Folder: MAIL/folders-splitted/vm-folders/voynich-02
From stolfi Thu Sep 26 23:00:32 -0003 2002
From: Jorge Stolfi <stolfi@dcc.unicamp.br>
To: voynich@cryptogram.org
Subject: Re: Piraha and the VMS
In-Reply-To: <200209250531.g8P5VXh4019526@mail3.alphalink.com.au>
References: <200209250531.g8P5VXh4019526@mail3.alphalink.com.au>
Reply-To: stolfi@dcc.unicamp.br


    > [Jacques:] It might, only just might do, for Piraha, an
    > Amazonian language with 7 consonants and 3 vowels, ignoring its
    > two tones, and breaking up its consonant clusters, Linear-B
    > style. (Jorge, they're your next-door neighbours, how about...
    > oh, just pulling your leg).

By amazing coincidence, I happen to have a book about the Pirahã
language (which had about 110 speakers left in ~1980).  Here is a 
sample sentence from that book:

  (1) xaíti xaibogi xaigahápiso xisibáobábagaí sagía xabáobihiabá

which the author parses as

  xaíti              peccary 
  xaibogi            quick  
  xaig:ahá:p:i:so    toMove:toGo:IMPERFECTIVE:NEAR:TEMPORAL 
  xisib:áo:b:ábagaí  toShootArrow:TELIC:PERFECTIVE:FRUSTRATED
  sagía              animal
  xab:áo:b:i:hiab:á  toStop:TELIC:PERFECTIVE:EPENTHETIC:NEGATIVE:REMOTE
  
and translates as 

  "while the peccary was fleeing, I almost shoot an arrow at it; it
  didn't stop."
  
As you can see, Pirahã has rather long words, usually made of 
a root with a couple of syllables and several suffixes, which
are often just one syllable or part thereof.  I gather that most 
American native languages follow this pattern, which also
fits Turkish and Hungarian (IIRC).

Now, this pattern defintely does not fit the VMS word length
distribution, which is practically zero beyond 10 letters or so.
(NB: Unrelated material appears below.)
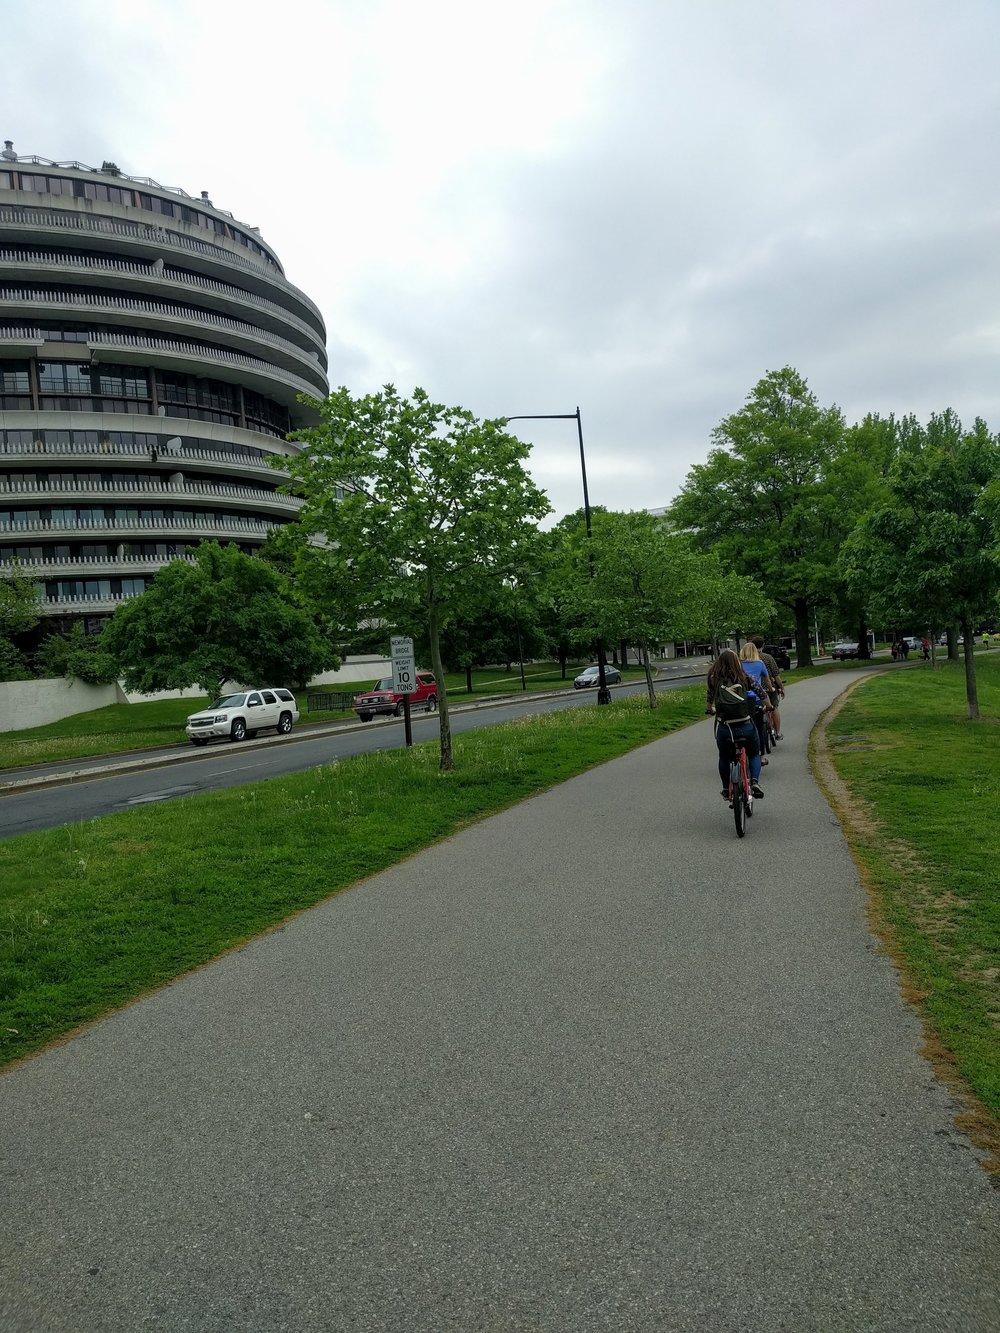 Riding bikes past Watergate!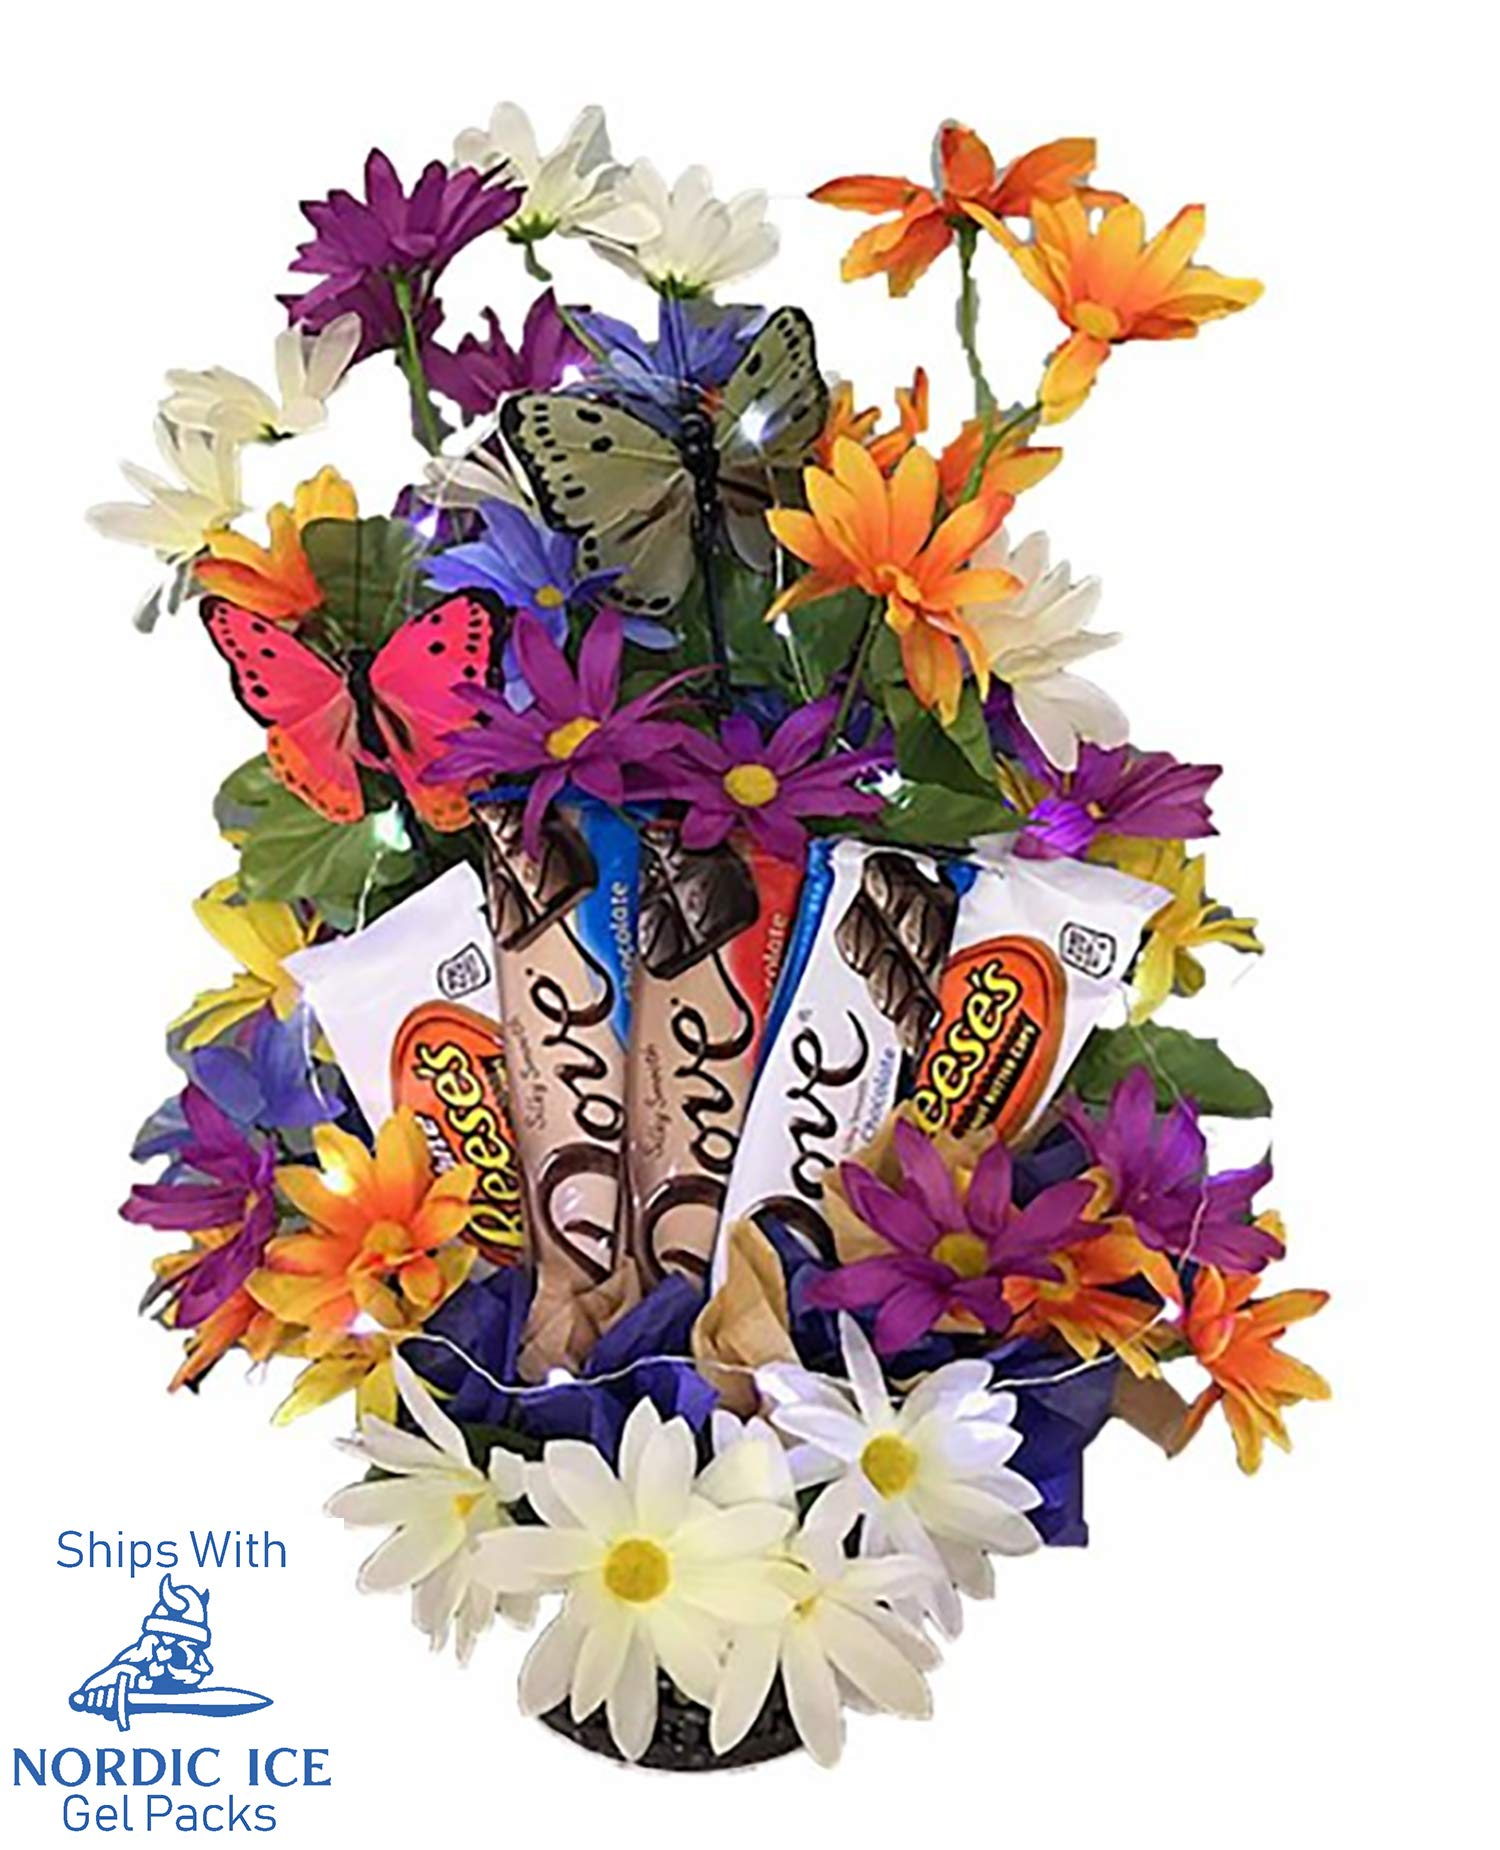 Online 24/7 LLC Unique Chocolate Candy Bouquet with Beautiful Artificial Flowers, Butterflies, Fairy Lights and Reusable Garden Pail.

Jacques suggests that those languages may show a better match to the
VMS, if each word element is written as a separate word, eg.

  (2) xaíti xaibogi xaig ahá p i so xisib áo b ábagaí sagía xab áo b i hiab á

Perhaps... 

However, it seems to me that a full decomposition would have the
opposite problem, namely we would get many more 1- and 2-letter words
than we see in the VMS. So, in order to get a good match, we may have
to assume a partial decomposition, where certain combinations of
suffixes are still written as single words.

Another problem with the "Amerind" theory is that the main roots in
indian languages are often 2 or 3 syllables long. These words would
not have the peculiar structure we see in the VMS words (at most one
gallows, different letters at beginning/middle/end, etc.).

Finally, the idea of writing each suffix as a separate word, as in (2)
above, would be rather peculiar, since all early European
transcriptions of Amerind languages which I have seen wrote them
attached to the root, like (1).

All the best,

--stolfi